The Blue Cross Blue Shield of Georgia health insurance dude recently left me a voicemail. He was at our school at orientation, selling us all nicely priced health plans. But between graduating, re-locating to MA and finding a job, my peach-state health insurance naturally did me no service. After calling him back to tell him I was recently employed and had health insurance again, he thought it was good an opportunity as any to ask me about marriage.
Now, there’s no way this man remembers me from orientation in April 2008, and likewise, I doubt I could pick him out of a crowd. But still, from the sound of my voice he said, “Marriage is next in the cards for you.” And then asked if I was taking the appropriate steps to get to the altar.
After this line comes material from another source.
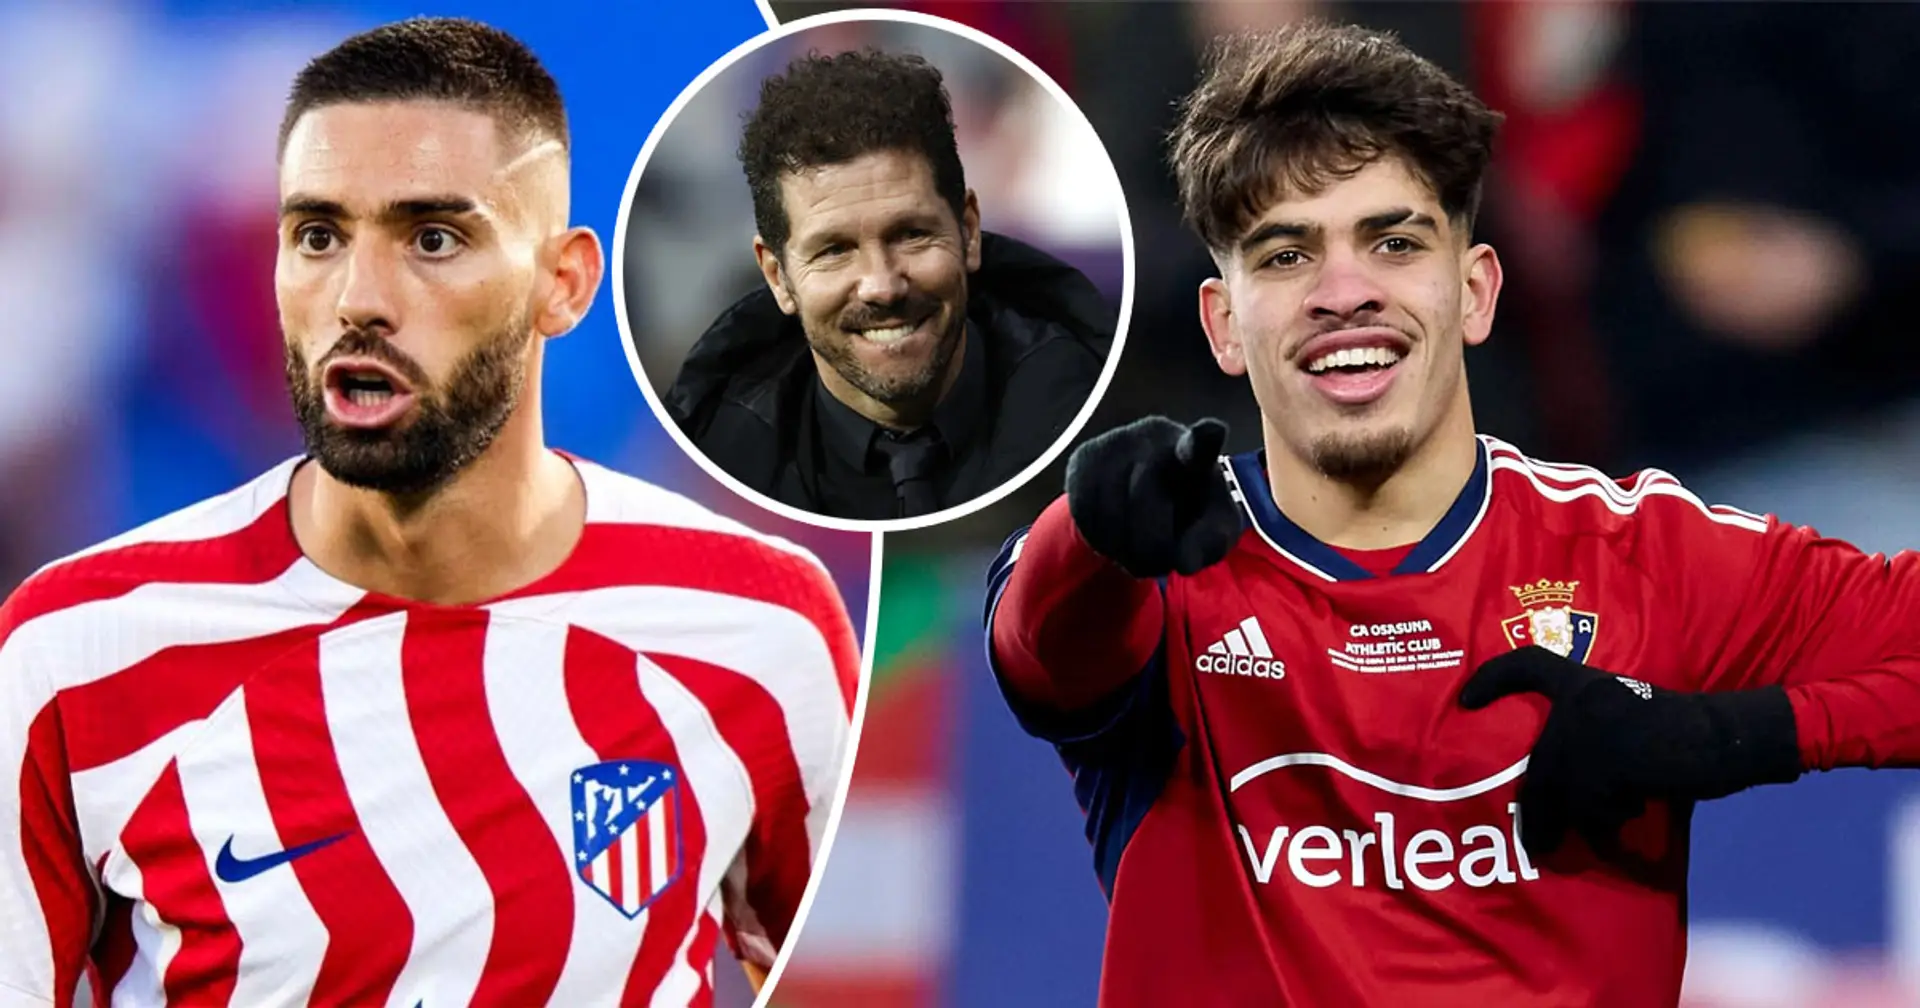 Atletico interested in Abde, ready to give Carrasco in exchange (reliability: 4 stars)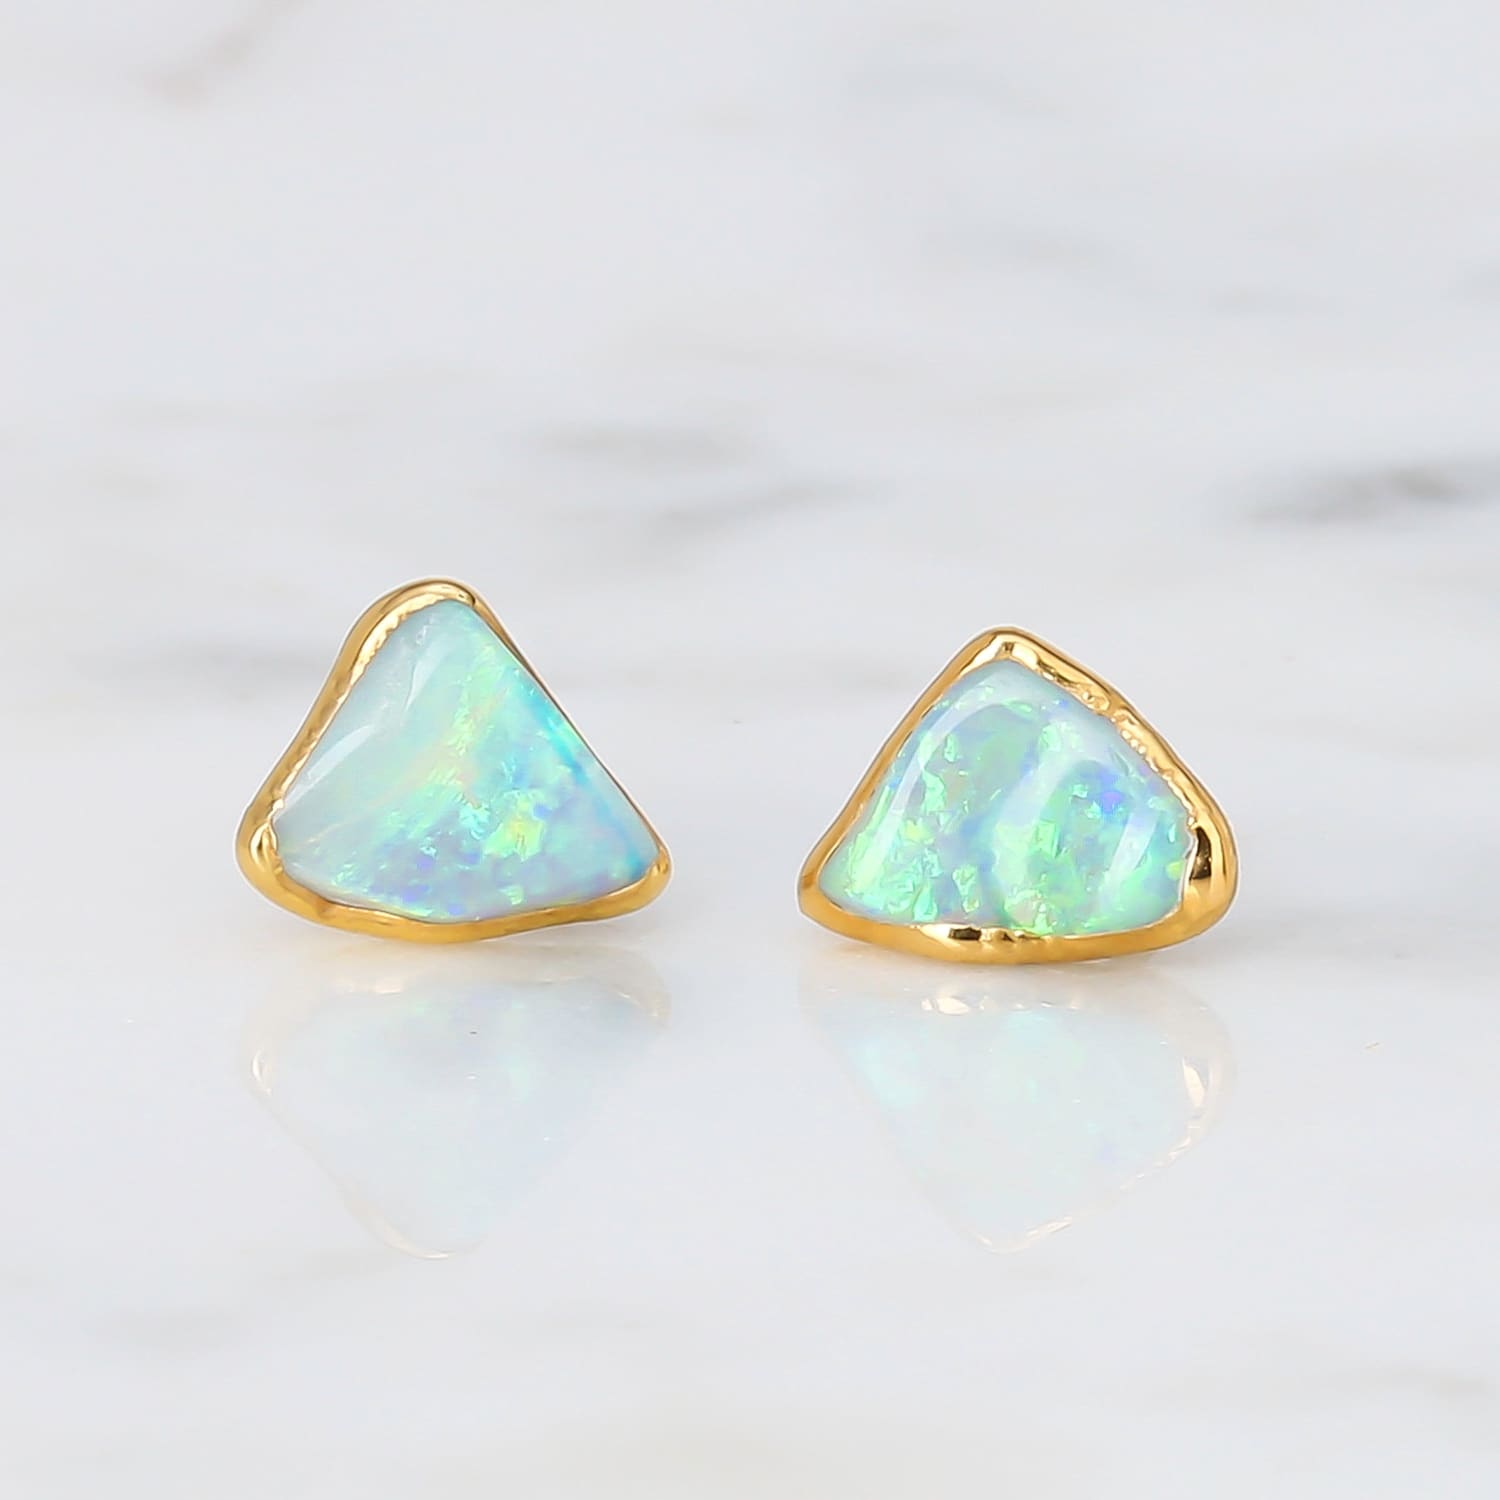 Buy Tiny Opal Studs Online In India - Etsy India

Because he’s Southern (take no offense, y’all), I absolutely could not get off the phone with him. With each attempt, he managed to find a new chapter. If it wasn’t marriage we were discussing, it was how high the taxes were in the North East, or the humidity in Hotlanta, or get this… the divorce rate across the country. Cue Alanis: And isn’t it ironic?
I should have mentioned earlier that this whole conversation took place on the commuter rail with the conductor, a Spanish woman and an ADHD kid all screaming in the background. And still, Mr. Blue Cross Blue Shield talked a blue streak, completely unfazed. Probably reclining in his socks with a gimlet in hand. And picturing me in a veil. Cringe.